# Homemade/Natural dyes for candles?



## FromScratchGirl

i will be making tallow candles soon and am curious about coloring them - can I use natural dyes such as paprika, cinnimon, sage,beets?

I've heard crayons are a no no for parrafin candles, but what about in tallow?


----------



## Wisconsin Ann

Crayons may not blend well with the tallow..dunno since I've never tried it! I HAVE used crayons for parrafin candles tho. not that I'd sell because it's kinda iffy on the color you get. what I do is melt the crayons first (and I use crayola, which are actually pretty intensely dyed) then pour the liquid crayon into the same temp parrafin

anyway. sage will give you a light greeny/grey color, paprika will do a brown, cinnamon a redbrown, beets...dunno about that. beet coloring is NOT light fast (will bleachout quickly) on fabric/wool even with mordanting...so I just don't know what will happen with tallow.

The problem with most of the natural substances for dying is that they're liquid or have some form of water in them. Try drying out beets..thin slices in a dehydrator, then pounded up fine...might work

You do know that tallow candles tend to go yellow quite quickly? and they smoke badly. It is quite accurate historically to mix tallow with beeswax (or wax from various berries) to get a better candle.

My best advice to you is to try small amounts of tallow with your various dye substances. check marigold petals perhaps, dried onion skins (nice yellow), even grass (think of those nasty grass stains you used to get on your pants!). Just be very careful with adding anything that has water in it to the hot tallow. 

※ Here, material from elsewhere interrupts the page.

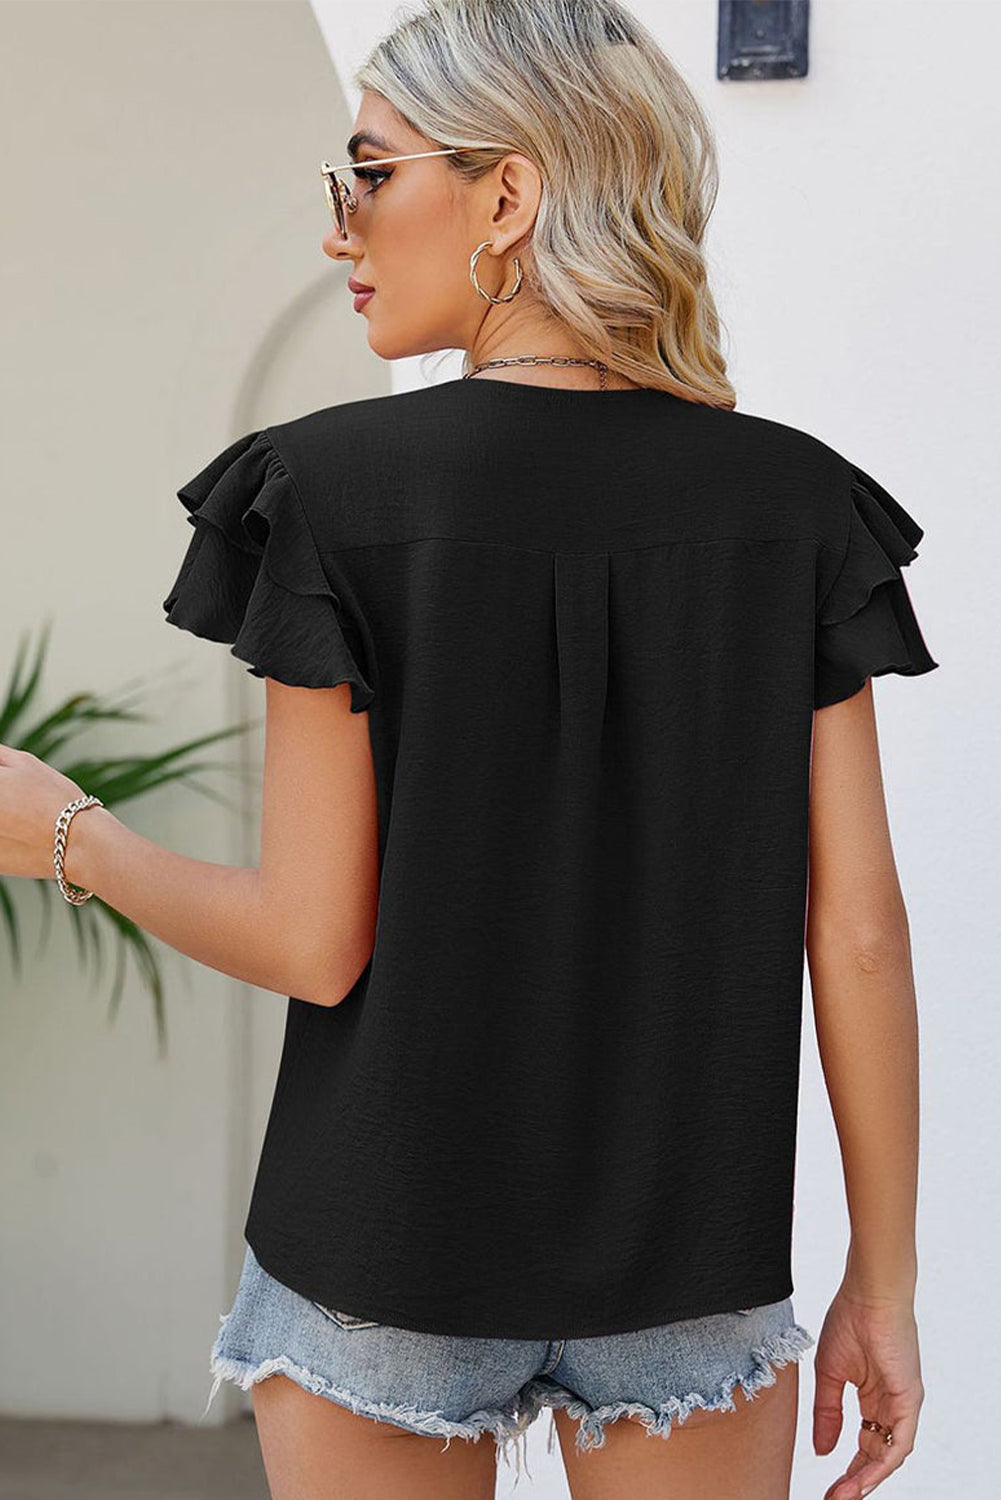 Crna bluza veće veličine kratkih rukava s V izrezom i naborima

hmmm. perhaps putting a substance like chopped beets in the tallow as it melts/processes would color the tallow, boil off the water as it melts....not a bad idea to try.


----------



## lickcreek

I would be concerned about how the little bits of cinnamon, beet, etc would affect the burning of the candle. What happens when they get up against the wick? Could that be dangerous? I have seen instructions before for those "grubby" candles that get rolled in 
spices, and they always said to keep the spices away from the flame area because they would be a fire hazard.

Are you looking for something you can mix in the wax, or are you simply decorating the outside of the candle? Are these container candles, pillars or tapers? I hope you find a safe natural way to color your candles.


----------